When handing out scripts for the attack on the beach, Bender told the crew he and others "wanted this to be really big and really dramatic". They used arrows on wires to simulate hitting the fleeing victims, which included Neil Frogurt (Sean Whalen). A stunt double, Kim Koscki, was hired for the scene to stand in for Whalen; he applied anti-burn cream over his face and body for protection, and crew members waited nearby to quickly extinguish the flames once a scene was finished shooting. Due to the abundance of wires, the actors had to be careful when running, or risk tripping over them.

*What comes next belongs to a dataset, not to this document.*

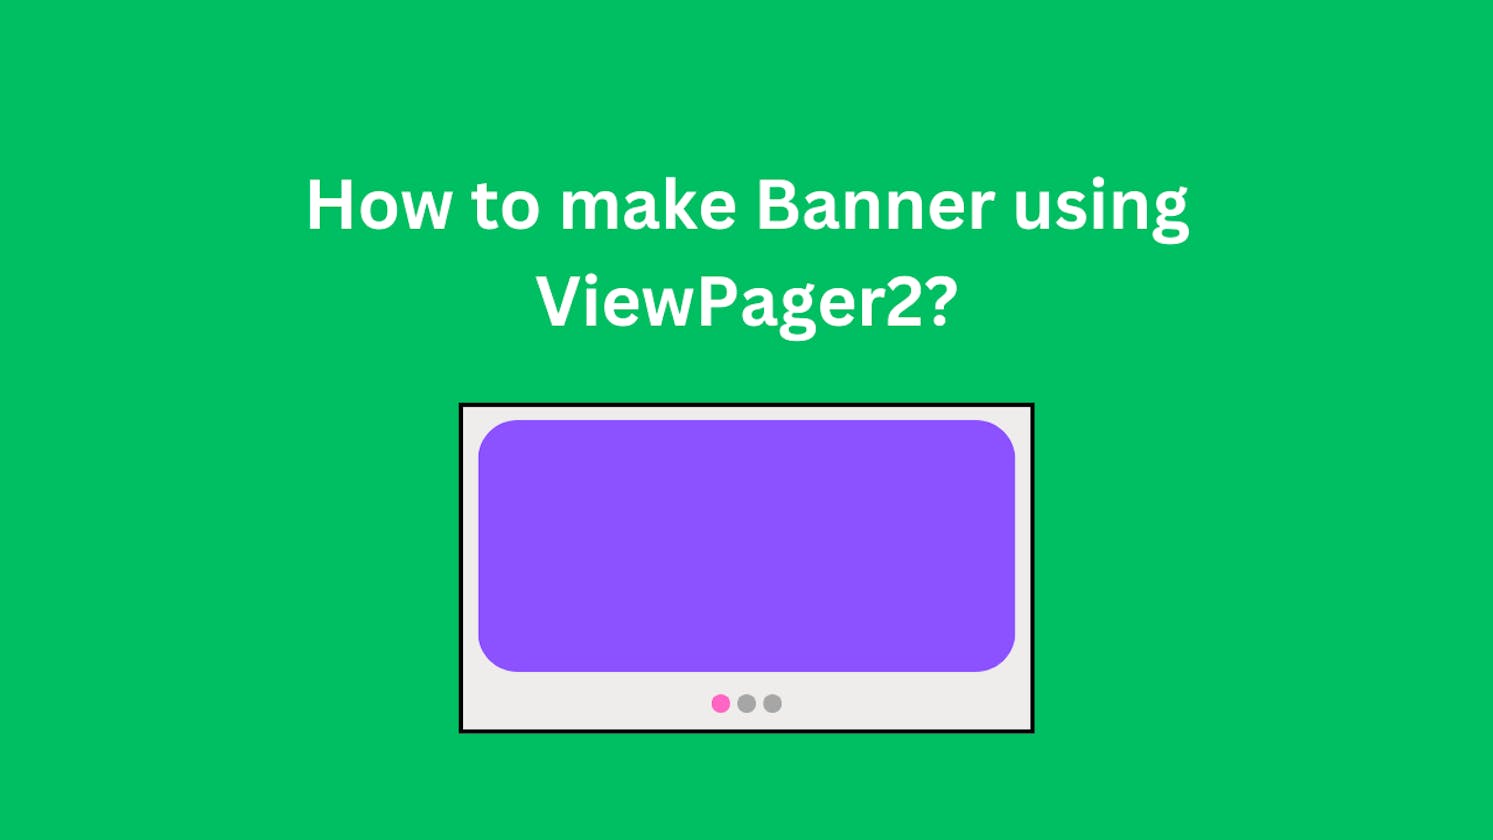 How to make Banners in Android App?

"The Lie" features the first appearance of main cast member Michelle Rodriguez since the second season episode "?". Rodriguez's character, Ana Lucia Cortez, was written to have a one season arc and was subsequently killed off at the end of the second season of Lost. Dressed as a police officer, Ana Lucia's "ghost" appears in "The Lie", telling Hurley to "stay away from the cops". The scene makes use of the Cheap Trick song "Dream Police".

==Reception==
"Because You Left" and "The Lie" were uploaded to ABC's Medianet website on December 29, 2008, to be viewed by members of the press for advance reviews attached to limited confidentiality agreements. Matt Mitovich of TV Guide stated that "[t]he first hour is the stronger of the two", and that the "showstopper [is] one of Lost's most electric and intense action scenes ever." "The Lie" aired on January 21, 2009, on ABC in the United States, being simulcast on A in Canada. "The Lie", as well as the previous episode, "Because You Left" was viewed by 11.347 million in the US, and by 1.195 million in the UK. In Australia, the episode was aired separately to "Because You Left" and brought in 516,000 viewers.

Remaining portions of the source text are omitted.